The Northwest Shelf Province, also known as Exmouth to Broome, is a biogeographic region of Australia's continental shelf.

==Geography==
The Northwest Shelf Province includes the coastal waters and continental shelf of north-western Western Australia between North West Cape and Cape Leveque. It has an area of 238,759 km^{2}, extending from the shore to 200 m depth. It varies in width from about 50 km at Exmouth Gulf to more than 250 km off Cape Leveque.

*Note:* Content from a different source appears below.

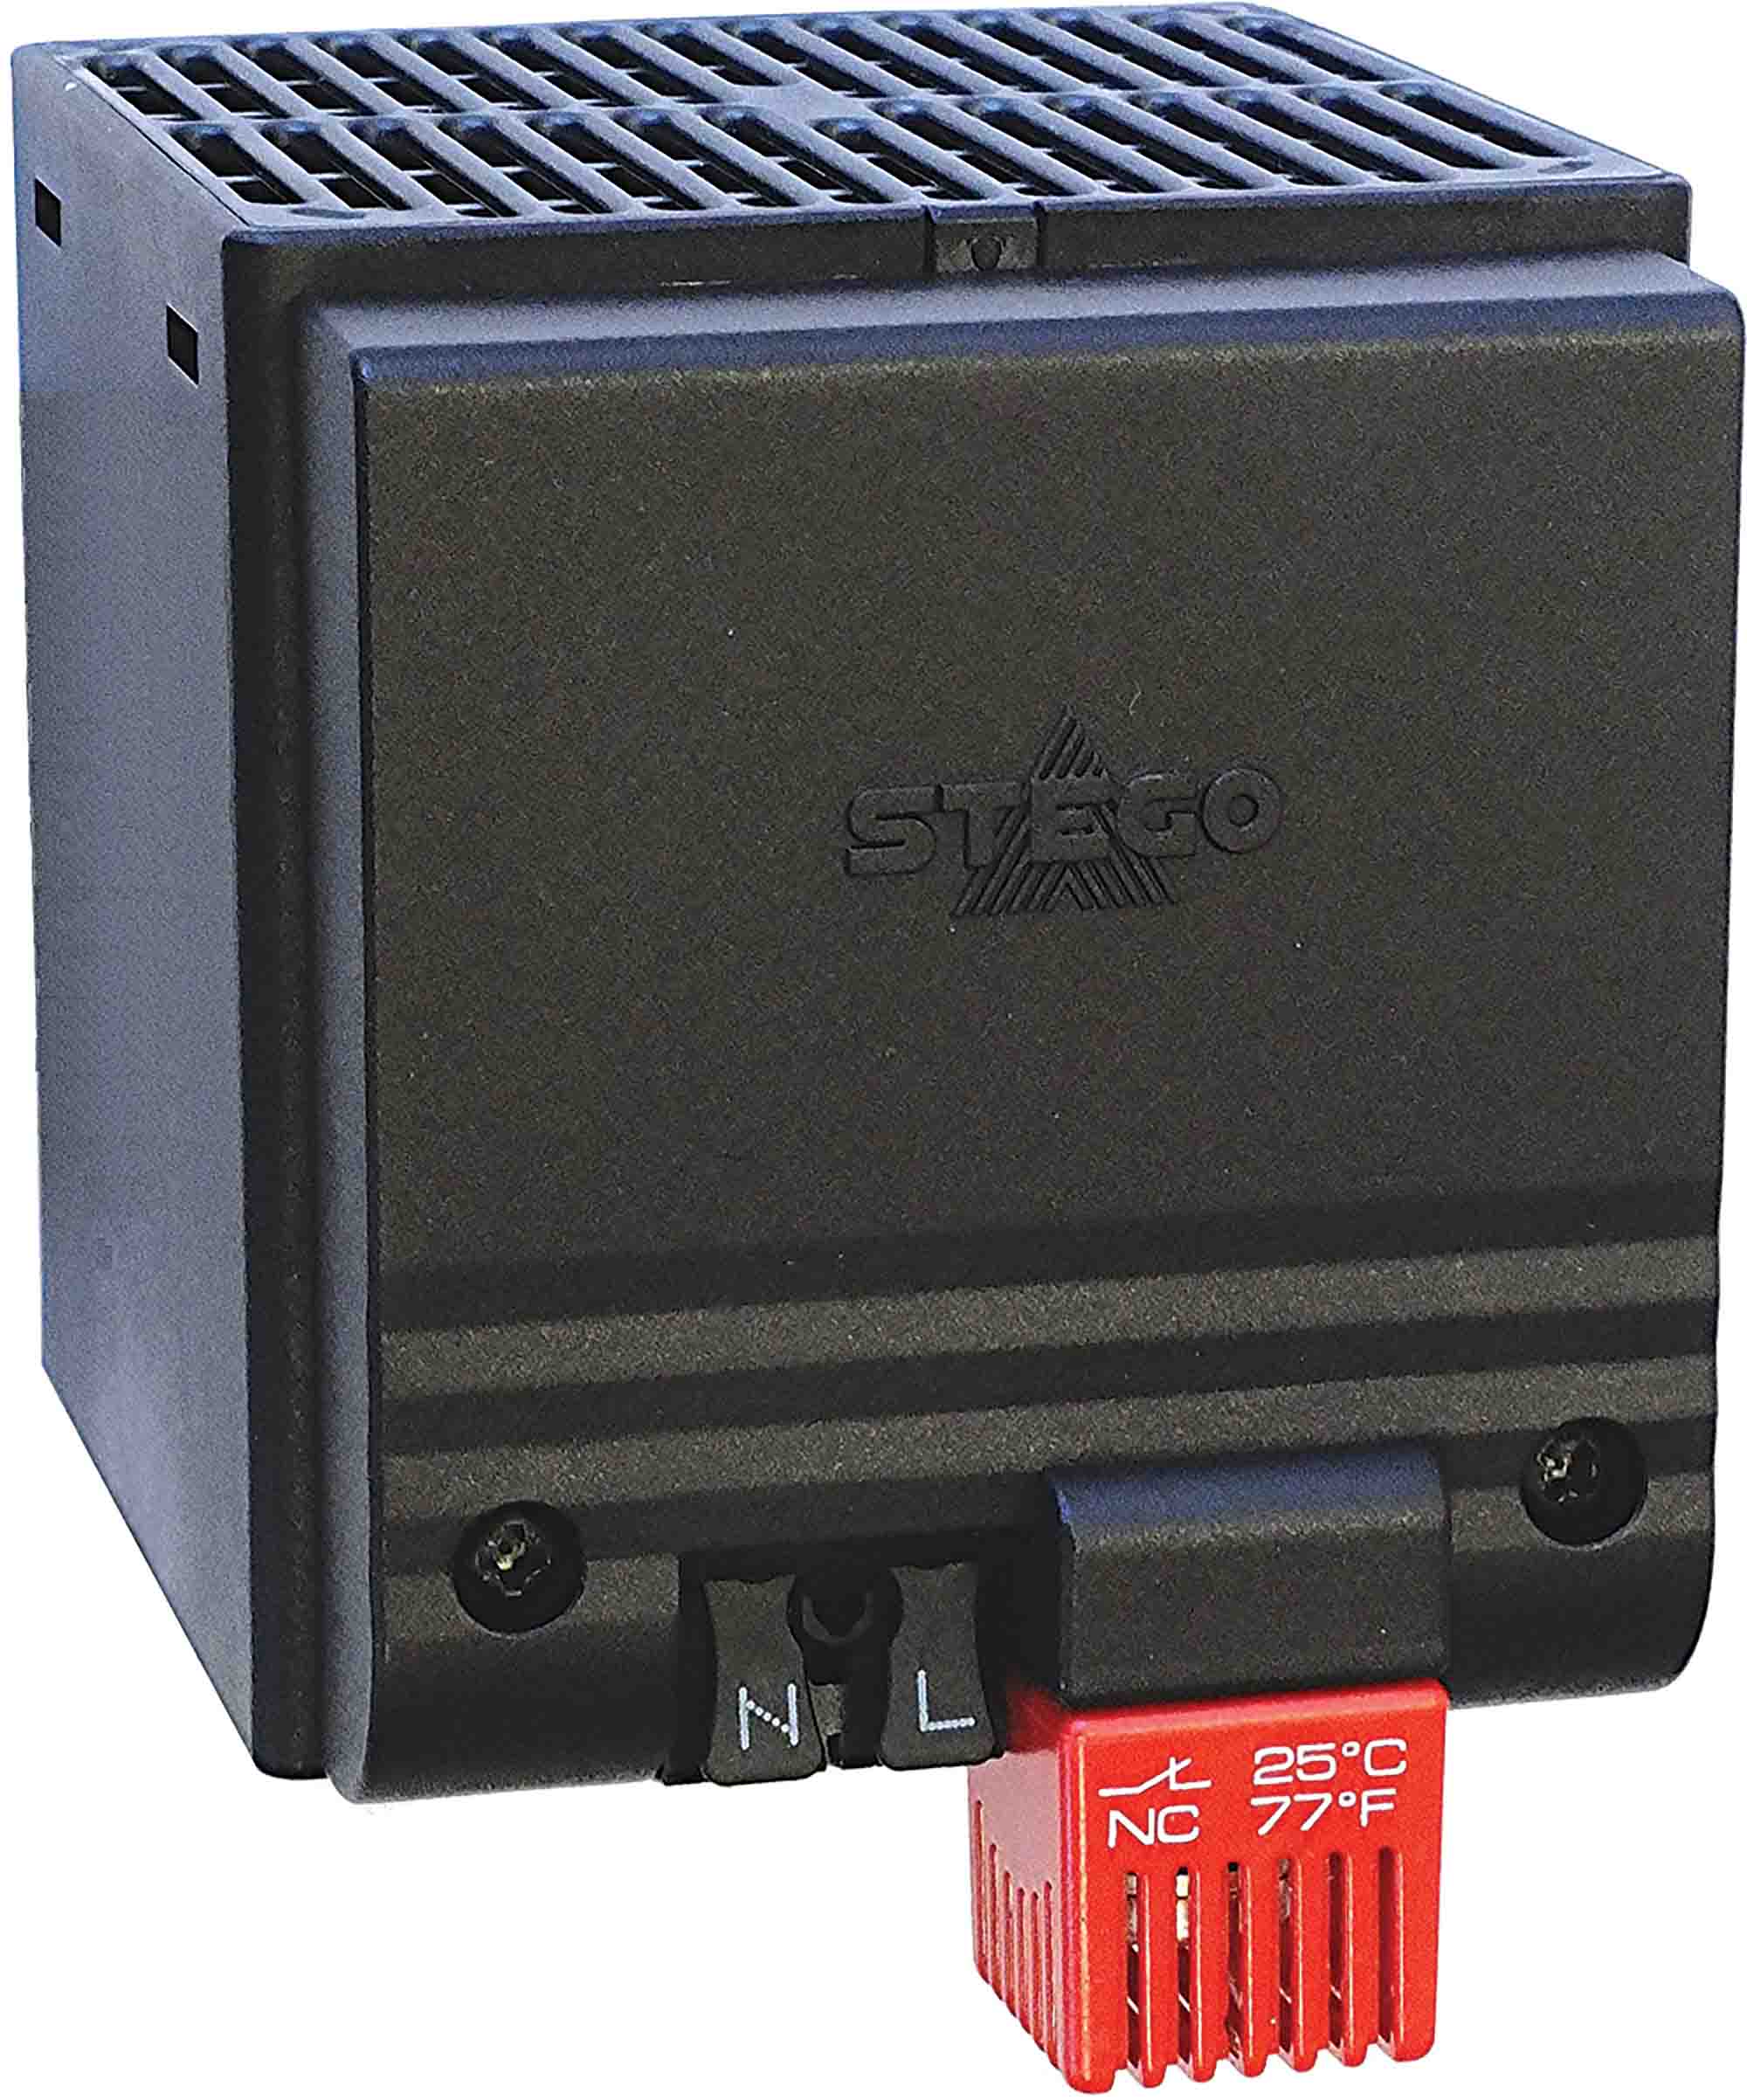 STEGO Enclosure Heater, 230V ac, 400W Output, 65°C, 105mm x 85mm x 118mm

The Northwest Shelf Province adjoins the Central Western Shelf Transition or Ningaloo region on the southwest. The Northwest Shelf Transition lies east of Cape Leveque. To the north the continental slope descends towards the Indian Ocean's abyssal plain.

==Oceanography==
The waters are tropical. Surface waters are derived from the Indonesian Throughflow, and circulate through the province via branches of the South Equatorial and Eastern Gyral currents. Tidal ranges are generally high.

The Northwest Coast, including the Pilbara Coast and Eighty Mile Beach, is the most cyclone-prone region of the entire Australian coastline. On average two cyclones cross the coast each year, one of which is severe.

==Meso-scale bioregions==
The Integrated Marine and Coastal Regionalisation of Australia (IMCRA) identifies five distinct meso-scale bioregions that make up the province.
- Pilbara (nearshore) (PIN) includes the turbid coastal waters along the Pilbara Coast, including Exmouth Gulf, and nearshore islands between North West Cape and Cape Keraudren. Nearshore Pilbara includes extensive areas of mangrove.
- Pilbara (offshore) (PIO) includes the offshore waters of Pilbara, below 10 metres depth, along with several offshore islands. The clearer waters support coral reefs and sponge beds.
- Eighty Mile Beach (EMB) is a long sandy beach which extends from Cape Keraudren to Cape Missiessy. The beach is up to 100 metres wide with a very shallow gradient. Mud flats extend 1 to 5 km offshore from the beach. On the landward side are dunes, a few coastal lagoons, and dry Pindan woodland. Eighty Mile Beach is important habitat for migratory and resident shorebirds.
- Canning (CAN) includes the coast of Dampierland between Cape Missiessy and Cape Leveque, the northern tip of the Dampier Peninsula. The town of Broome is located on the Canning coast.
- North West Shelf (NWS) lies offshore, between the Pilbara (offshore), Eighty Mile Beach, and Canning bioregions and edge of the continental shelf. Much oil and natural gas extraction takes place there.